→ INFORMATION SHOWN
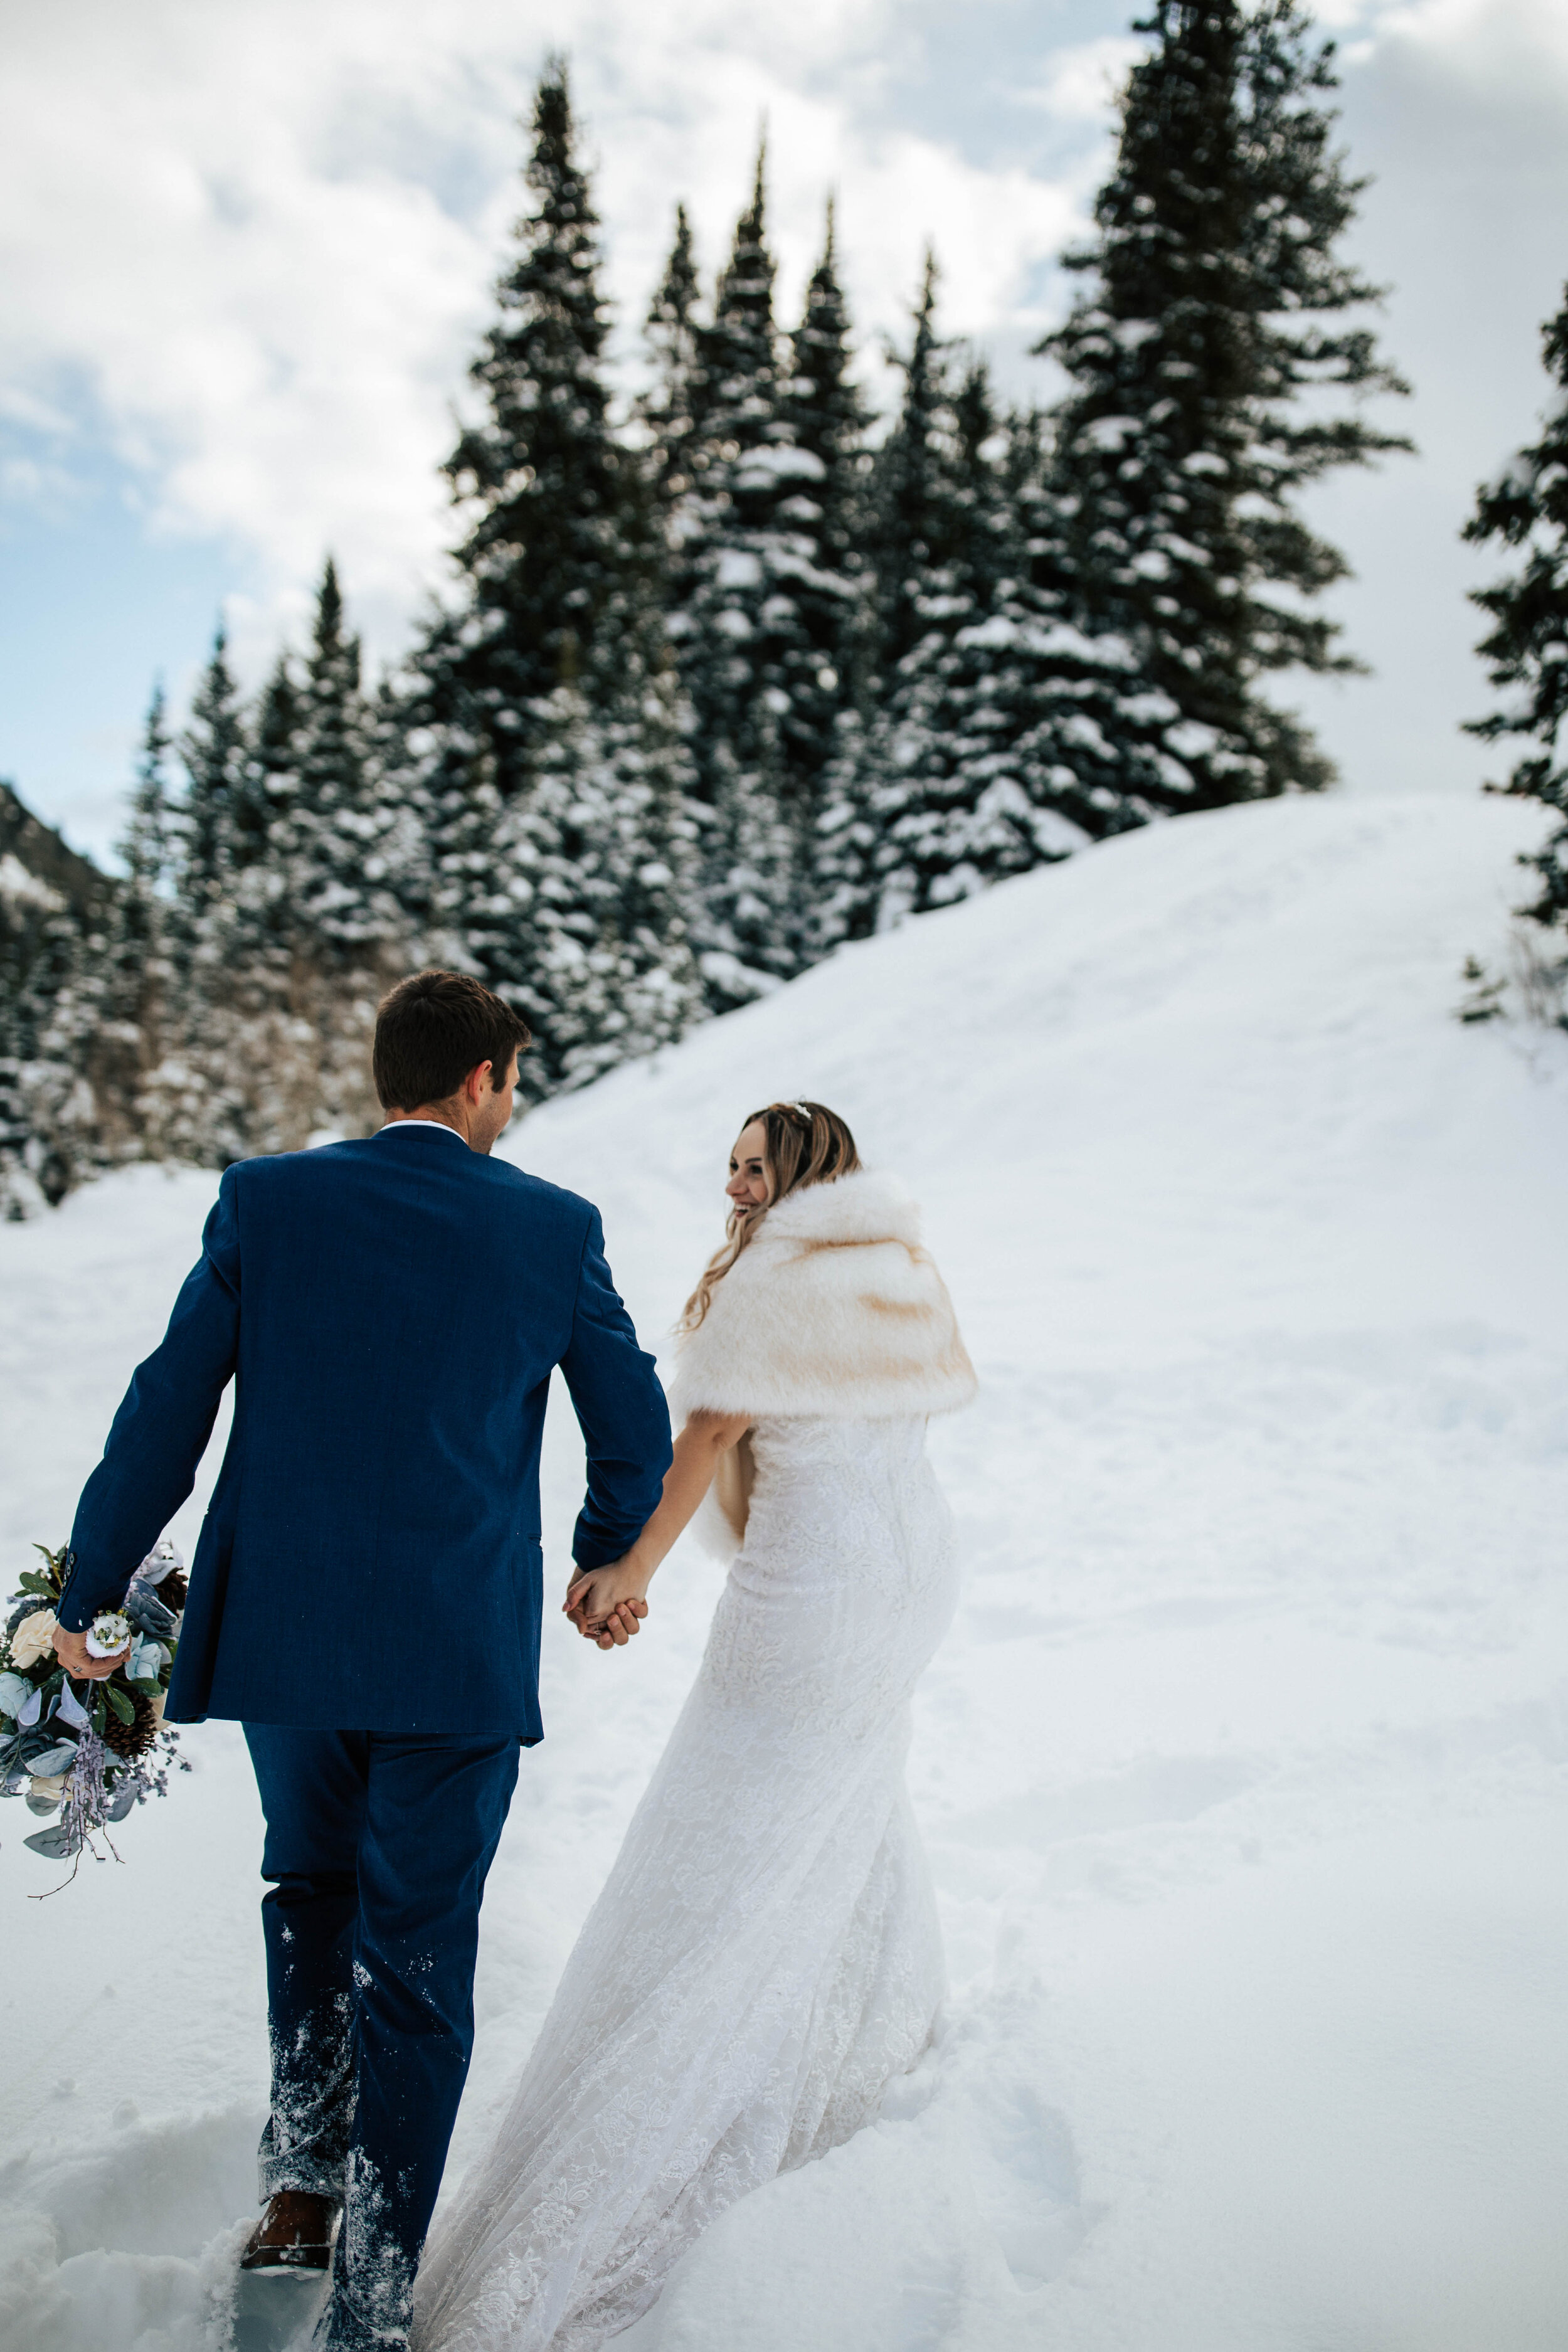 Wedding couple winter wedding bridals snow #winterwedding #weddingphotographer #bridals #bridalshoot #coupleshoot photoshoot running away
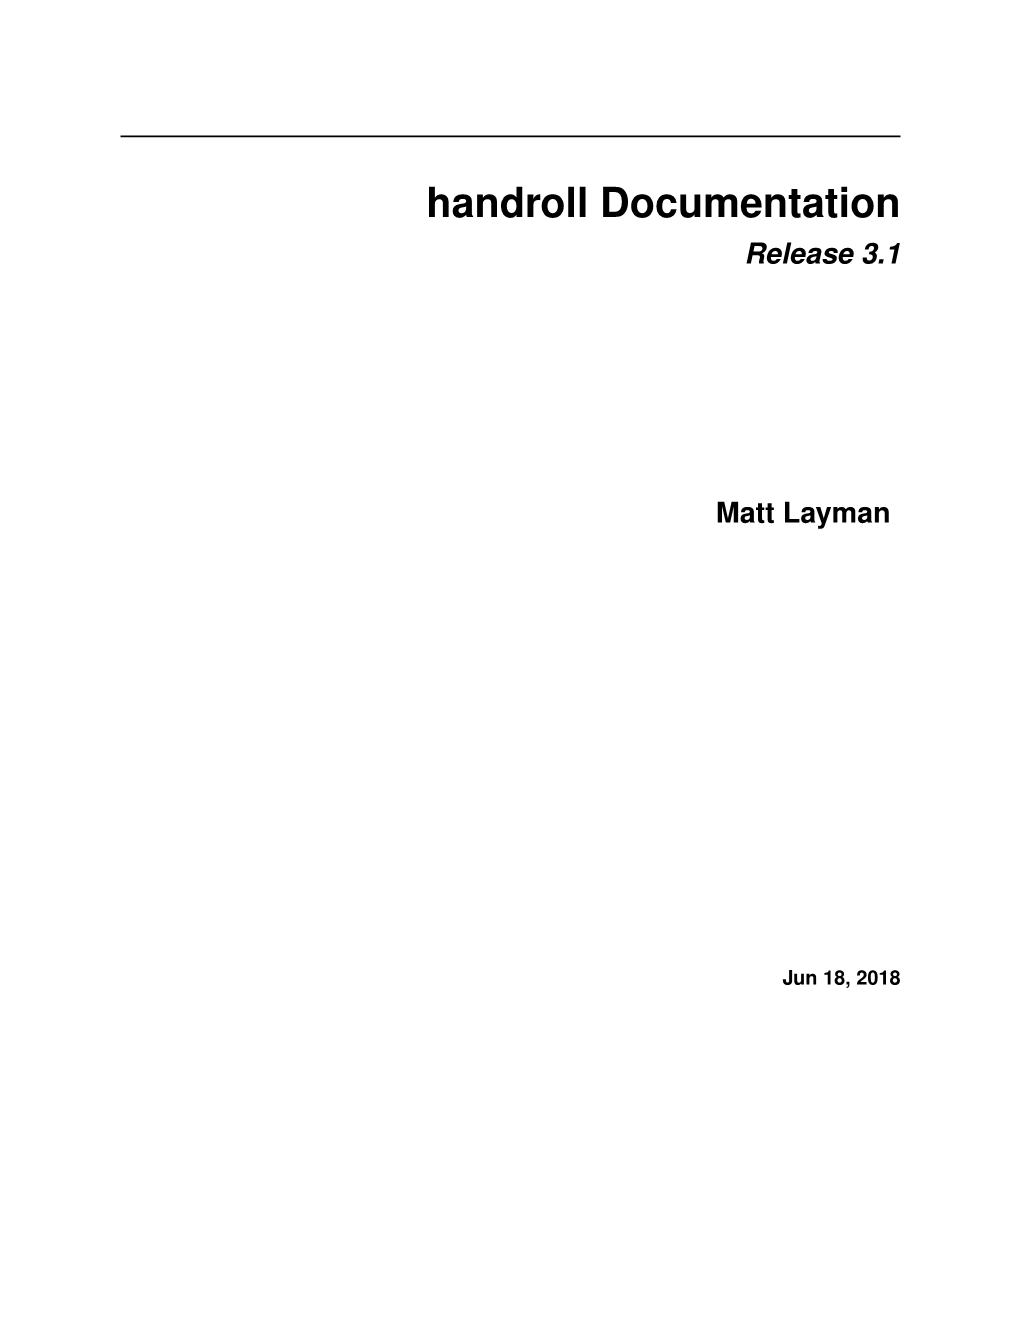 Handroll Documentation Release 3.1
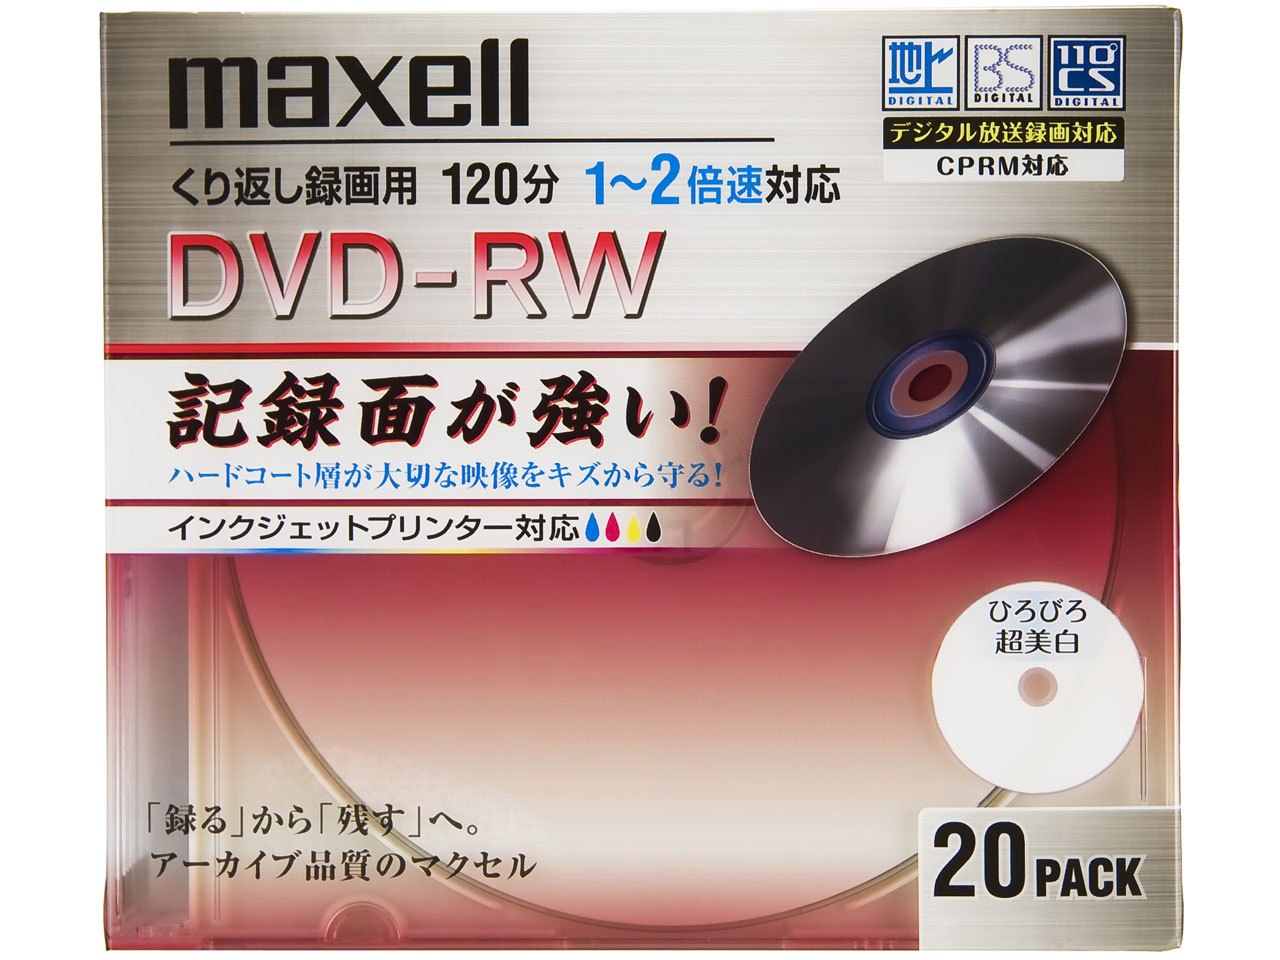 価格 Com Dw1wphc s Dvd Rw 2倍速 枚組 の製品画像

→ EXERCISE INSTRUCTIONS
All of the data must be repeated exactly, except for the pictures.

→ RESPONSE AREA
 Wedding couple winter wedding bridals snow #winterwedding #weddingphotographer #bridals #bridalshoot #coupleshoot photoshoot running away
 Handroll Documentation Release 3.1
 価格 Com Dw1wphc s Dvd Rw 2倍速 枚組 の製品画像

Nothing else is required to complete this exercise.